I've been meaning since we moved here to score a bunch of miner's lettuce seed and strew it beneath the oak tree. The dog has kept me from doing so.

Miner's lettuce carpets many acres of our local hills only to die back when the heat comes in spring. It's easy to recognize: what were once opposite leaves, somewhere back in the species' ancestry, have merged into a disk with the stem growing through the center. This arrangement of leaf and stem is the source of the species name, Claytonia perfoliata. The common name is a relic of the Gold Rush.
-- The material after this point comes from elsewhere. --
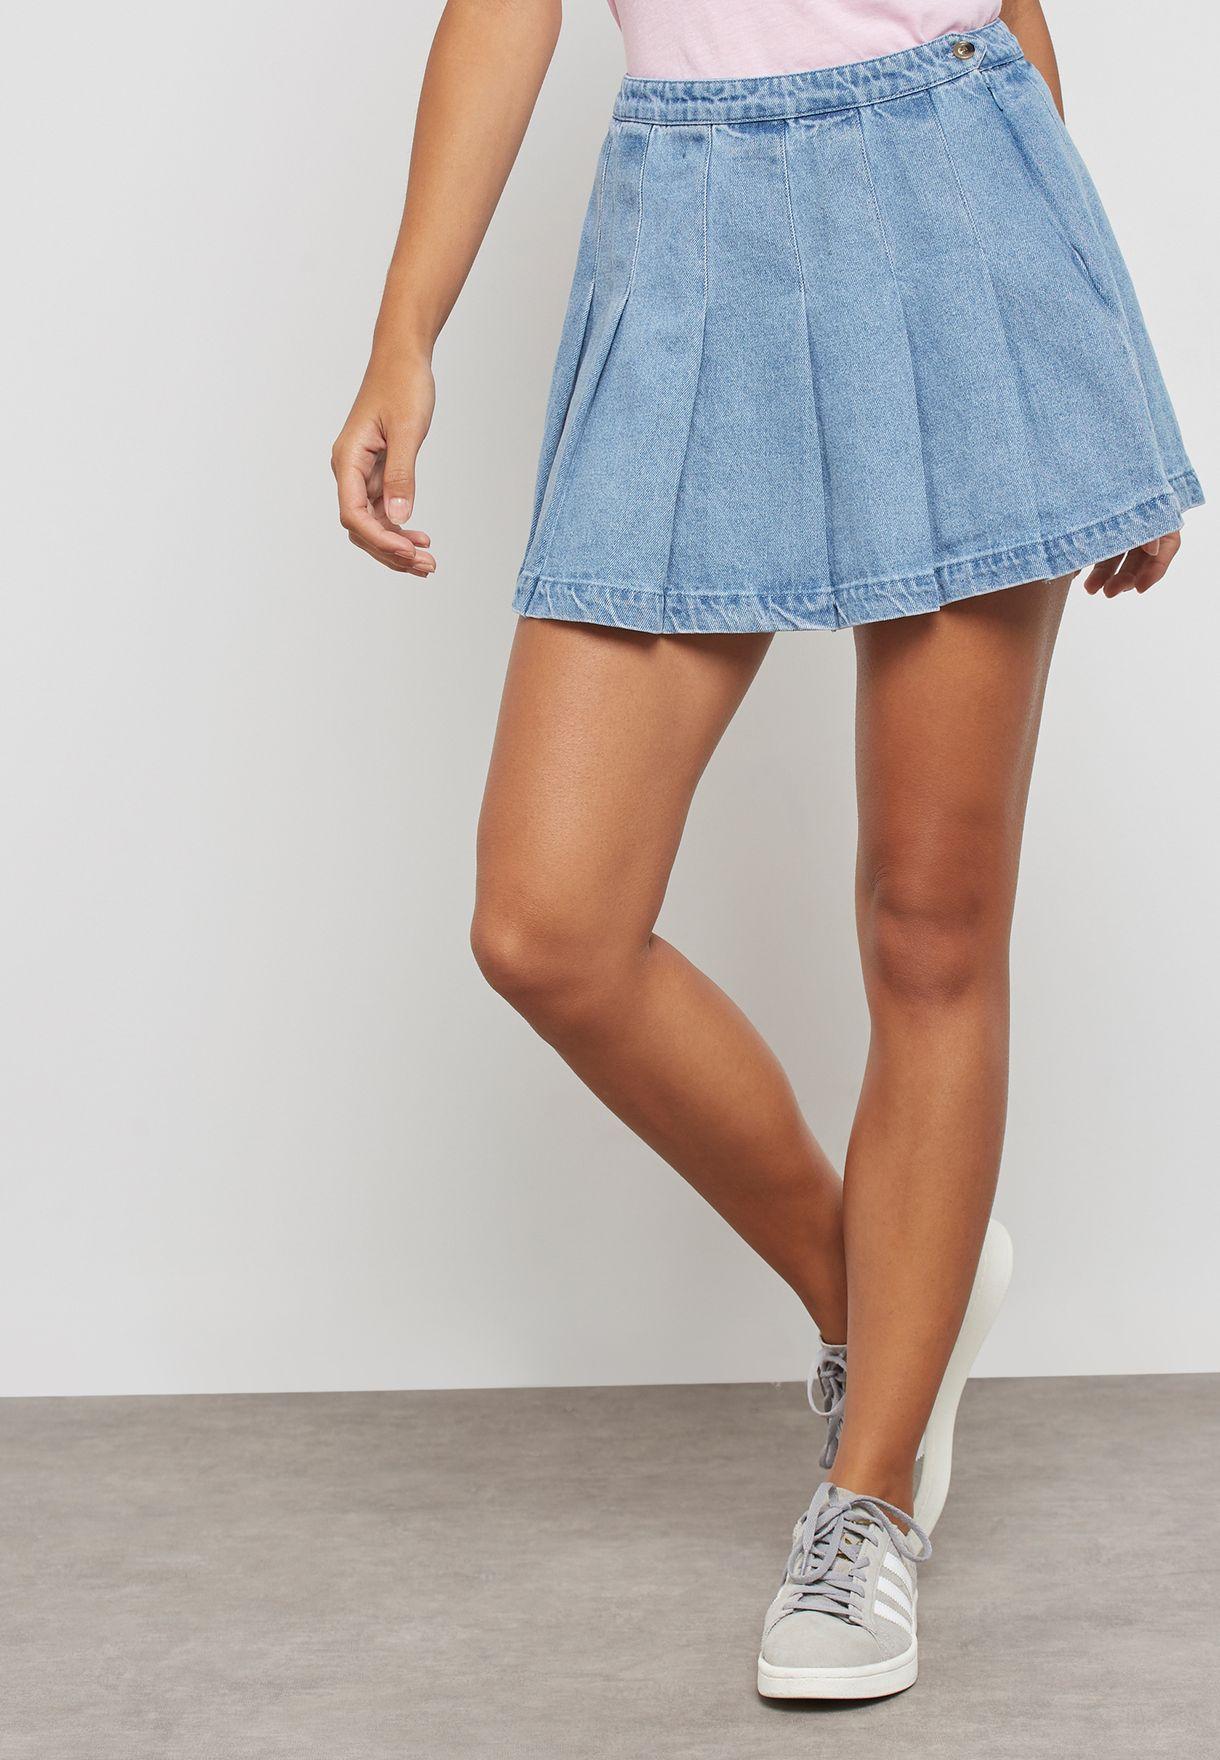 354c591a43 Shop Forever 21 blue Pleated Denim Skirt 253105 for Women in Qatar ...

I find it hard to picture the bright leaves of miner's lettuce without imagining drops of cold water, rain or dew or fog drip, caught against the stem. It's a seasonal marker around here, engulfing the Coast Ranges in winter and dying back when the temperatures stay above 70F for any great length of time. The presence of miners' lettuce fixes you in both place and time. It tastes like California winter, a hint of spinach and lettuce both, a slight oxalic acid tang. The leaves hold lots of vitamin C, and there's something about being in the winter hills and eating wild greens that acts as a vitamin for the soul, smelling the wet usnea lichen on the live oaks as it soaks up the oblique January sun.

The seed is relatively easy to come by, but the spot under the oak where I intend one day to scatter the seed is a bit of a sacrifice area for Zeke. There's no sense, I keep thinking, planting greens if I'm going to have to wash them for eight hours and then boil them before eating. Zeke is old, and when he's using that patch of ground from the other side I will give him a winter blanket of miner's lettuce and sit with him on January afternoons.

Until that sad day, we do have the garden beds. I bought a couple two-inch pots of miner's lettuce at a nursery last week, put them in the raised bed in the empty spot left by this month's frost-killed nasturtium, watered them deep, and went in to pet the dog.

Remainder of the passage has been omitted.